Kalman Filter - Kalman Filter
1. What is Kalman filter
(What is the kalman filter?)
Before studying the Kalman filter, first look at why "Carman" is called "Kalman". Like other famous theories (such as Fourier transform, Taylor level, etc.), Kalman is also a person's name, and it is different from them. He is a modern person!
Carman's full name Rudolf Emil Kalman, Hungarian mathematician, born in Budapest, Hungary in 1930. In 1953, in 1954, the MIT was backed by the MIT and a master's degree. In 1957, he received a Ph.D. in Columbia University. The Kalman filter we have to learn now is from his doctoral thesis and 1960 issued a new approach to linear filter and prediction problems (new method for linear filtering and prediction issues). If you are interested in this pair, you can download here:
Http://www.cs.unc.edu/~welch/media/pdf/kalman1960.pdf.
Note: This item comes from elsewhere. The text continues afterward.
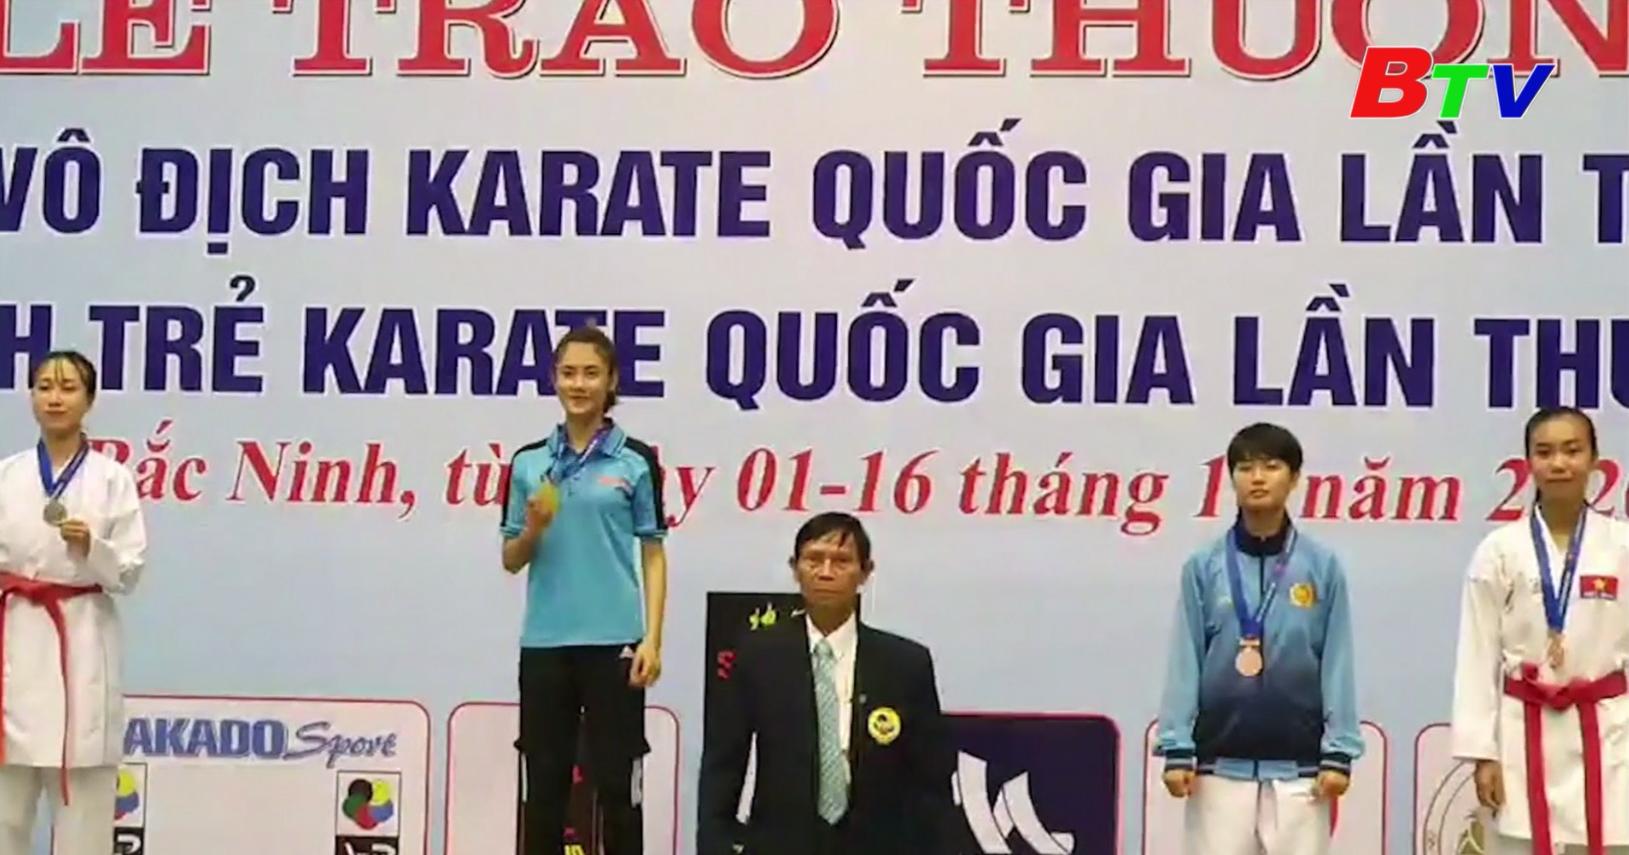 Kết thúc Giải vô địch Karatedo Quốc gia năm 2020

Simply, the Kalman filter is a "Optimal Recursive Data Processing Algorithm". " For a large number of questions, he is optimal, the highest efficiency is even most useful. His extensive application has been more than 30 years, including robot navigation, control, sensor data integration, and even in military radar systems and missile tracking. In recent years, it has been applied to computer image processing, such as head-face recognition, image segmentation, image edge detection, and more.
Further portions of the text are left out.